> **DATASET EXCERPT**
□ □ □ □ □ □ □
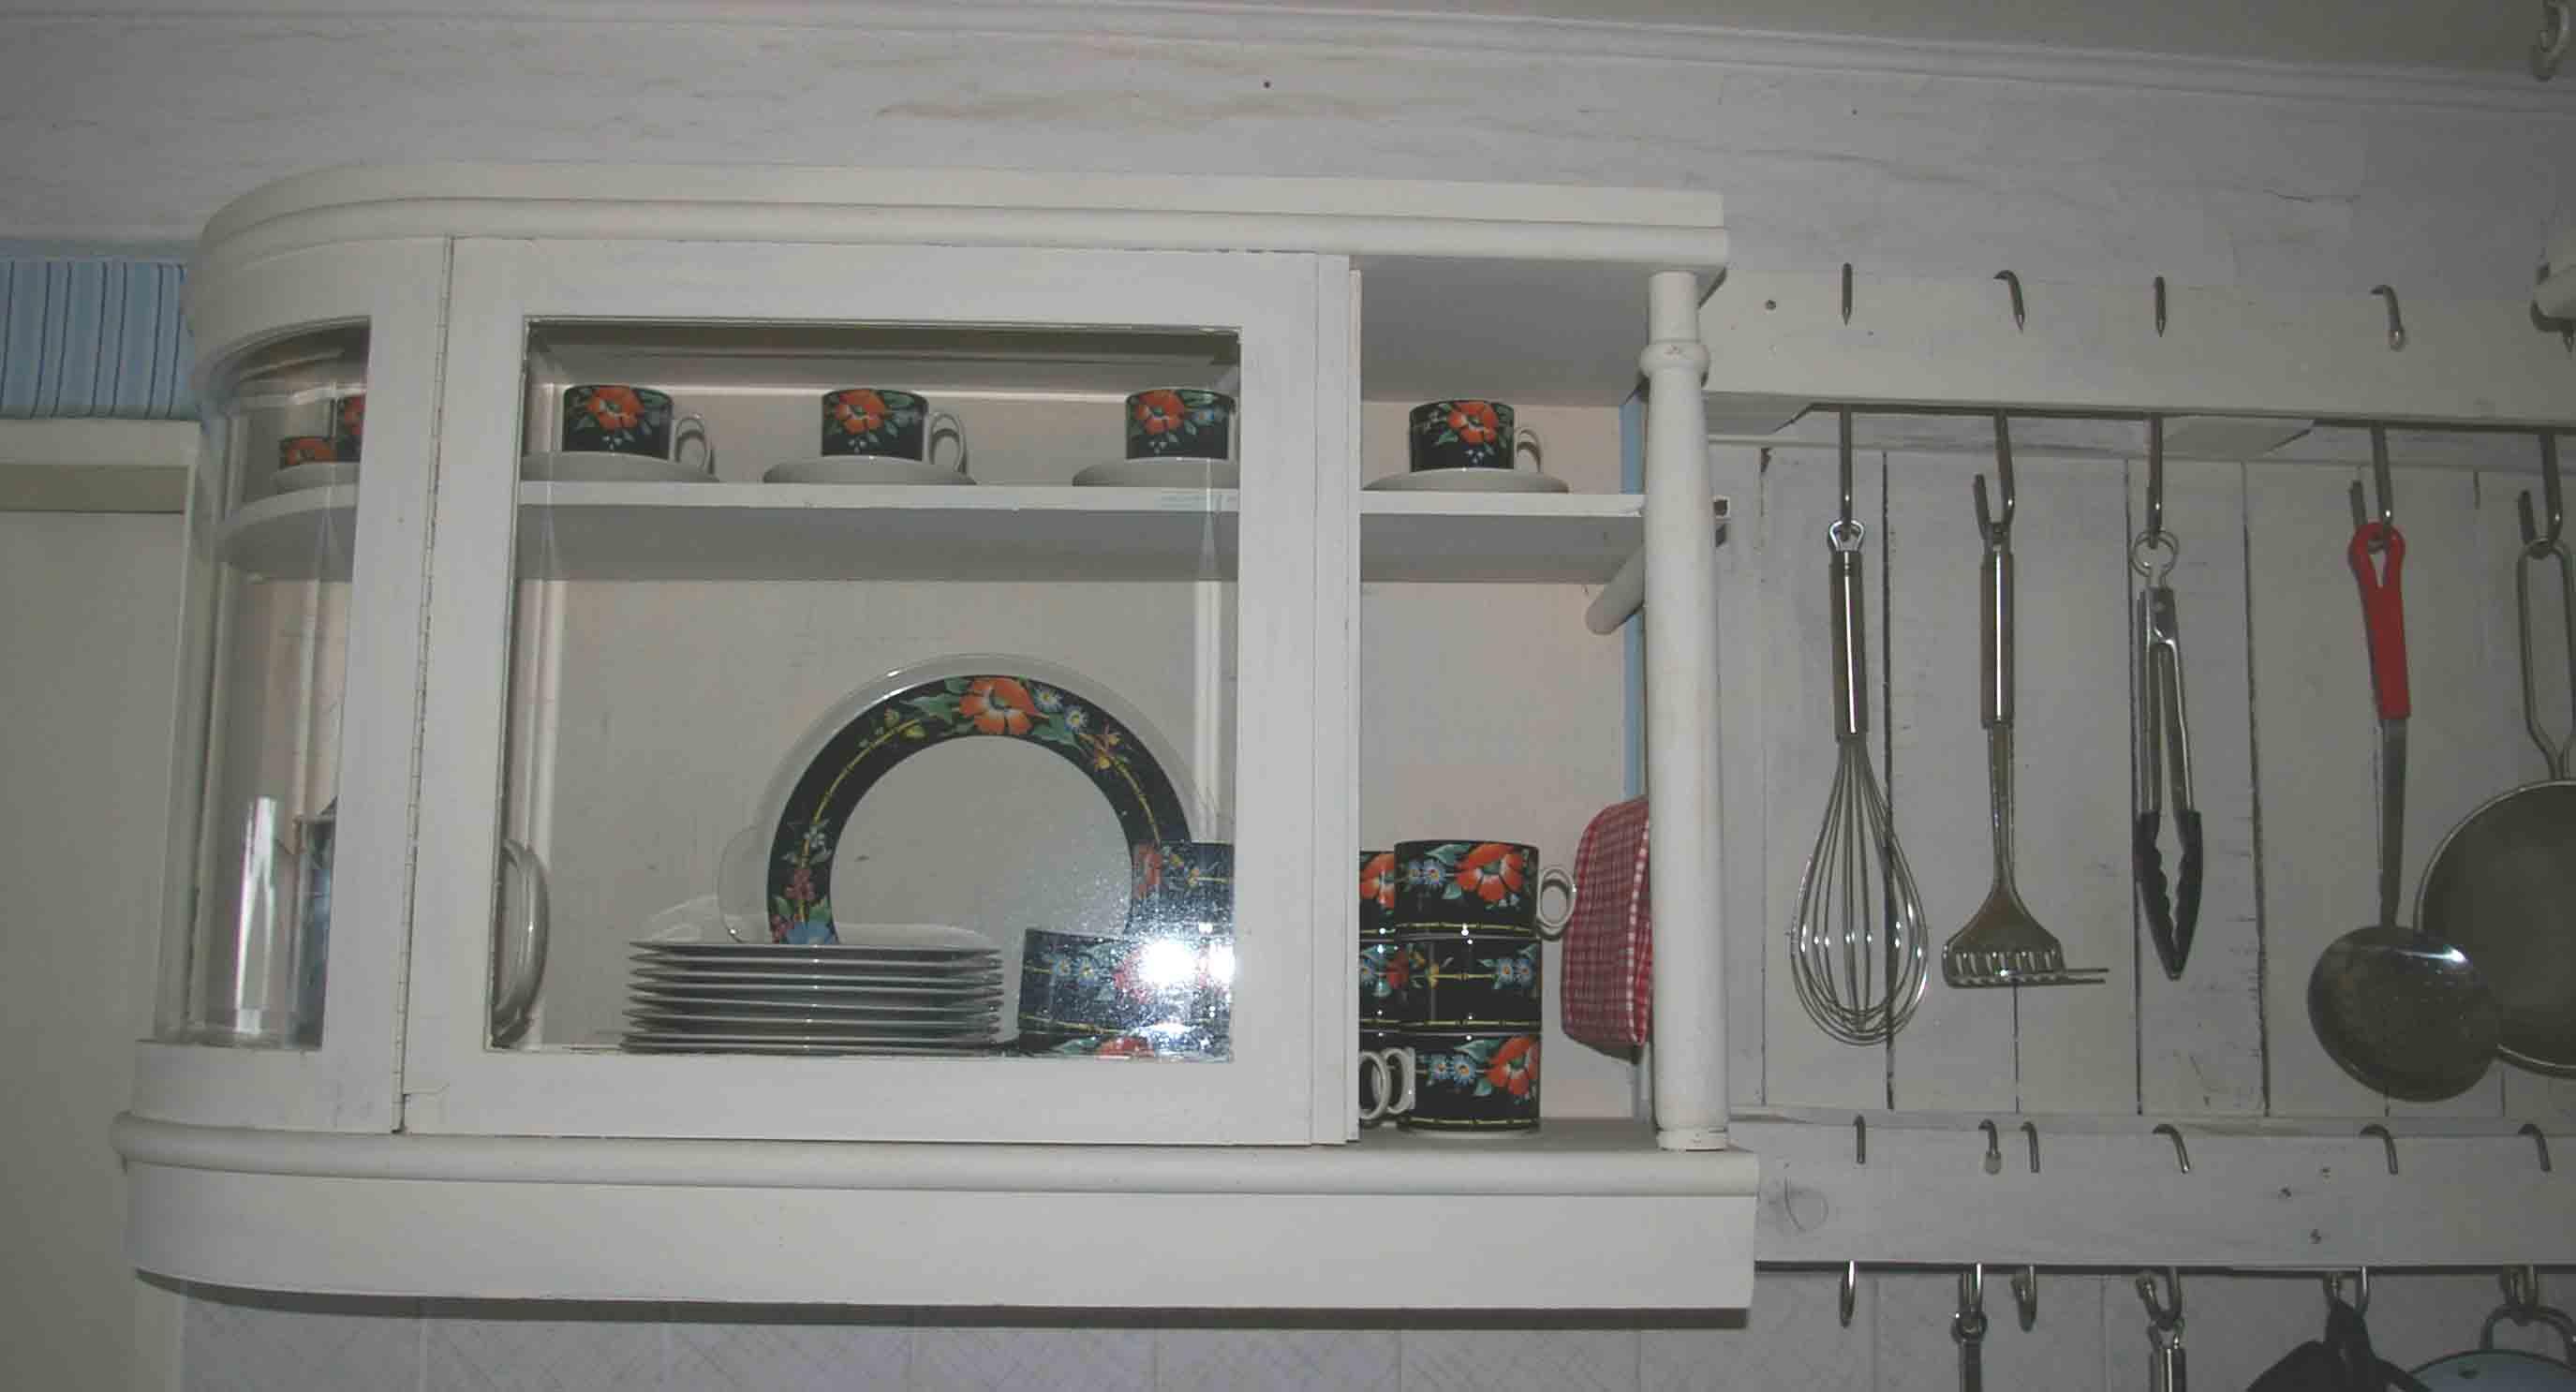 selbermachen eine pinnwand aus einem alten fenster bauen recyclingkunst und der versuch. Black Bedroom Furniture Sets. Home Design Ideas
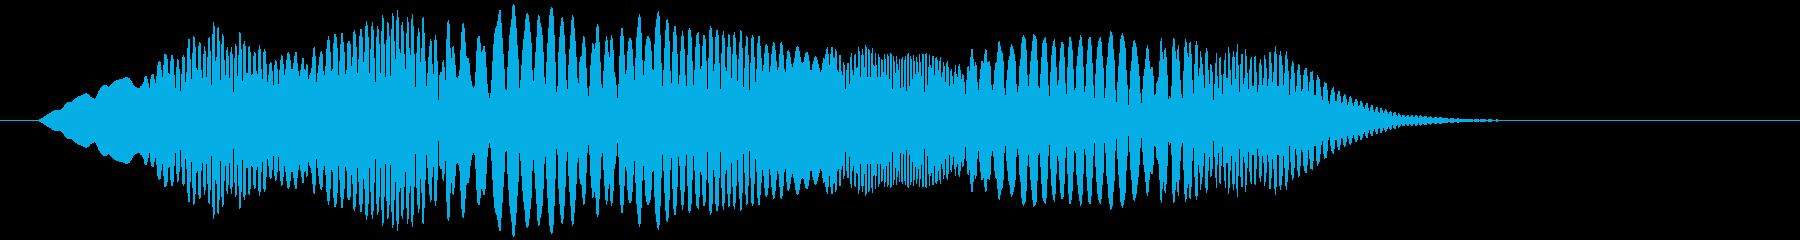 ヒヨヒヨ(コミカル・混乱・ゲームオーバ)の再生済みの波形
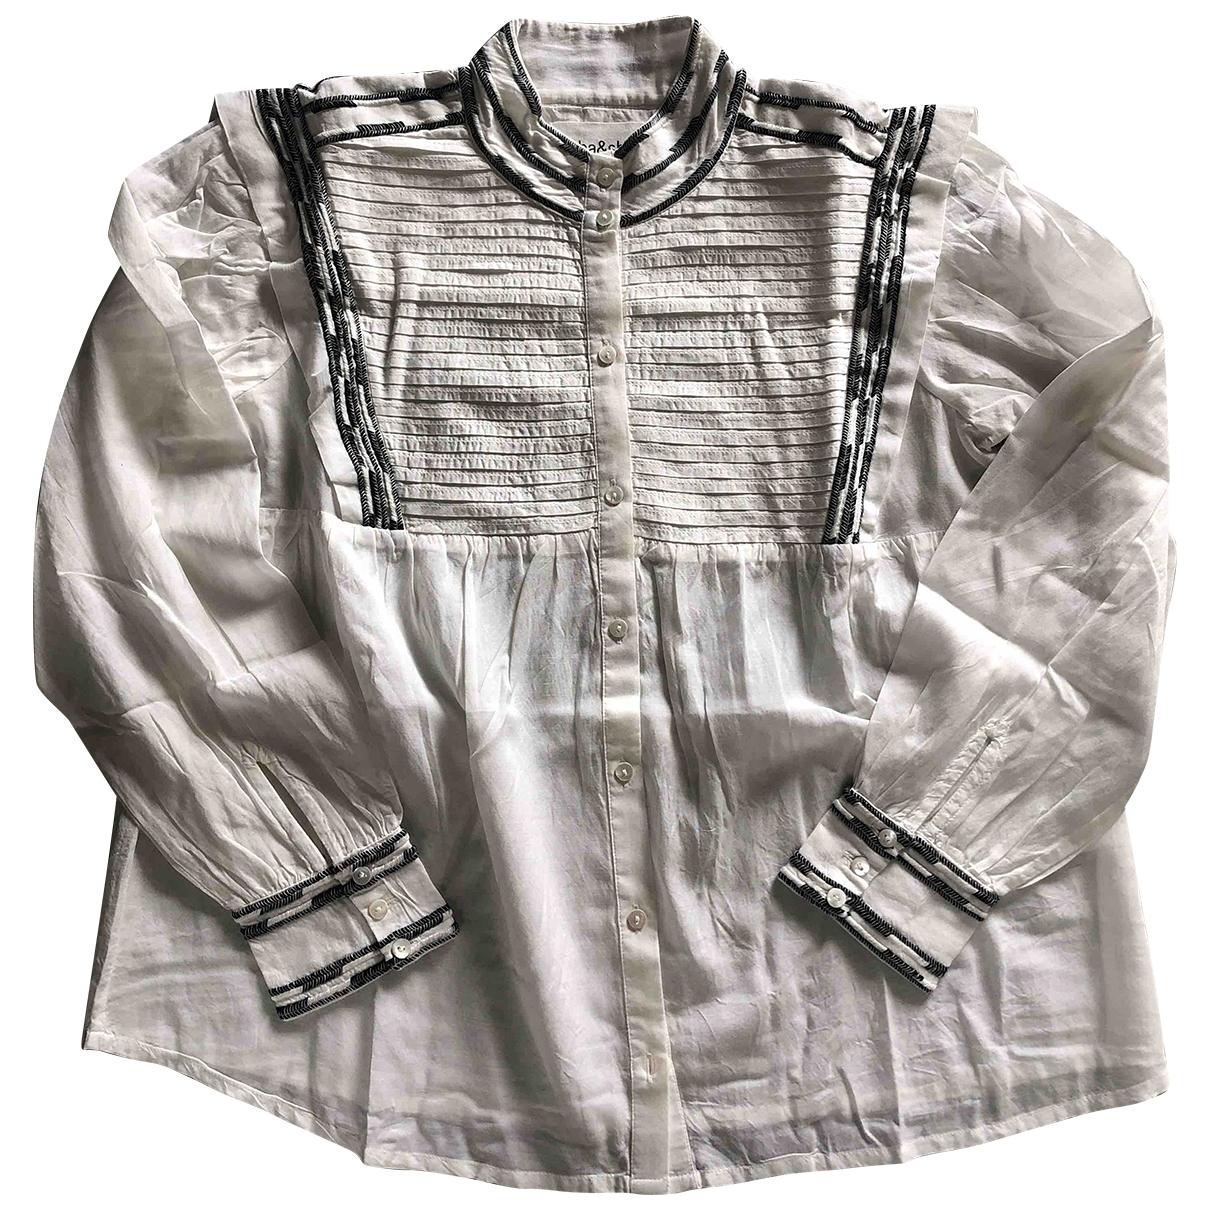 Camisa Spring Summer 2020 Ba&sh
□ □ □ □ □ □ □
> **WORK ITEM**
Return all the material exactly, skipping pictures.

> **TASK SOLUTION**
 selbermachen eine pinnwand aus einem alten fenster bauen recyclingkunst und der versuch. Black Bedroom Furniture Sets. Home Design Ideas
 ヒヨヒヨ(コミカル・混乱・ゲームオーバ)の再生済みの波形
 Camisa Spring Summer 2020 Ba&sh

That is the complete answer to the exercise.